Reviewing Mekong BK: Authentic Vietnamese in brownstone Brooklyn.
Stepping down into Mekong BK, guests are instantly transported to Vietnam with the aroma of coriander, garlic, ginger, and lemongrass. Set on the first floor of a corner brownstone on the border of the Clinton Hill and Fort Greene neighborhoods in northwestern Brooklyn, Mekong BK is a piece of Vietnam worth seeking out.
Opened by the late Brian Bui, Mekong BK’s Dekalb Avenue spot is the third home to Mekong BK, which first opened on Prince Street in Manhattan and then King Street before being priced out in 2016 and finding a home in Brooklyn in a part of the borough where Vietnamese food is hard to come by. It should also be noted that guests have to step down a few stairs to get into the warm and welcoming restaurant, and they don’t open until 1 p.m. for lunch.
The menu is packed with Vietnamese dishes, including many vegetarian options, including appetizers like crispy vegetarian spring rolls with tofu, mung beans, glass noodles, and mushrooms, served with sweet and spicy dipping sauce, lettuce, and fresh herbs to wrap. Their mains include lightly fried bean curd sautéed with broccoli, peas, mushrooms, Napa cabbage, tomatoes, and onions; crispy seitan with water spinach, onions, and Asian basil; and bun, vermicelli, lettuce, cucumber, fresh herbs, and roasted peanuts topped with crispy vegetarian spring rolls.
The restaurant uses the freshest ingredients, sourcing them daily, and the kitchen team cooks each dish the same day. There’s no antibiotics, hormones, or GMOs in the poultry and the beef is pasture raised and grain finished. Also, none of the dishes come with rice, so if you do want rice, you will have to order it as a side.
Each dish tastes like home cooking, whether it be appetizers (such as spicy crispy chicken wings; fresh summer rolls with lemongrass tofu, lettuce, cucumber, herbs, bean sprouts, and vermicelli, served with peanut dipping sauce; and grilled marinated chicken on a skewer with sesame seeds and peanut dipping sauce), salads (such as shrimp papaya salad with fresh green papaya, carrots, fresh herbs, Asian chili paste, peanuts, and lime served with shrimp chips), or mains (such as pho, bánh mi, and bun).
The bar is well stocked with beer, wine, and cocktails like the Mekong Margarita (Sauza Conmemorativo, Malibu Rum, triple sec, pineapple, and lime juice), Mekong Breeze (Maker’s Mark, Canton Ginger liqueur, tea, and simple syrup), Lychee Martini (Kettle One, lychee juice, and a dash of Crème de Cassis), and Mekong White Russian (Stoli Vanil, Toby’s Estate espresso, and condensed milk).
During our most recent visit for a late lunch, we were sat at a sundrenched table next to a window and were treated to lightning fast service as we are accustomed to at Mekong BK.
We ordered bánh mi, which is a Vietnamese baguette sandwich with roasted pork, pâté, scallion, cucumber, cilantro, pickled carrots, radish, and jalapeño.
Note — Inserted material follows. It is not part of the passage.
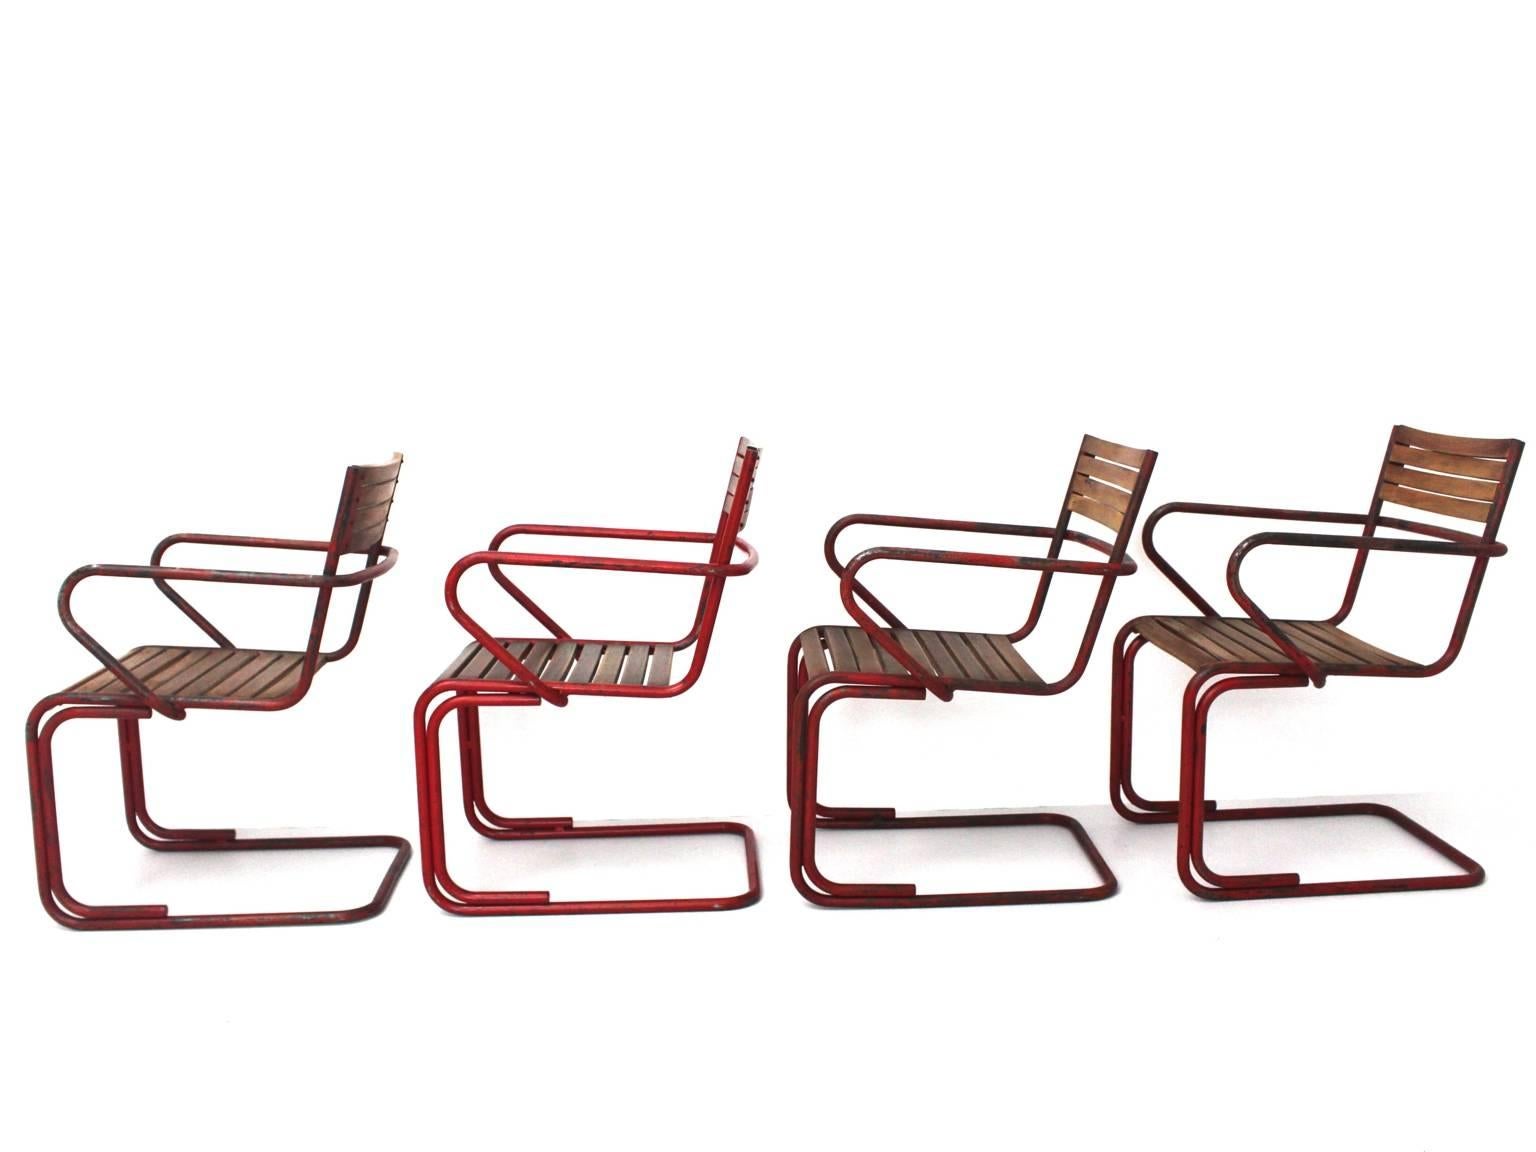 Mid century modern vintage set of five garden chairs for indoor and outdoor designed attributed to the famed architects Max Fellerer and Eugen Wörle circa 1948, Austria.

Four red colored and one green colored tabular steel chairs with original

We also got bun, which is topped with crispy Vietnamese spring rolls and served with vermicelli, lettuce, pickled carrots and radish, bean sprouts, fresh herbs, and peanuts. We didn’t order appetizers because the portions are so generous.
Each ingredient is flawless from the pungent and tangy nước chấm to the perfectly crisp spring rolls to the warm toasted crushed peanuts, creating a superlative synergy. We complemented our meals with authentic and expertly made ice tea lemonade. Each bite is a multi-sensory trip to Vietnam that keeps us (and soon, you!) coming back month after month.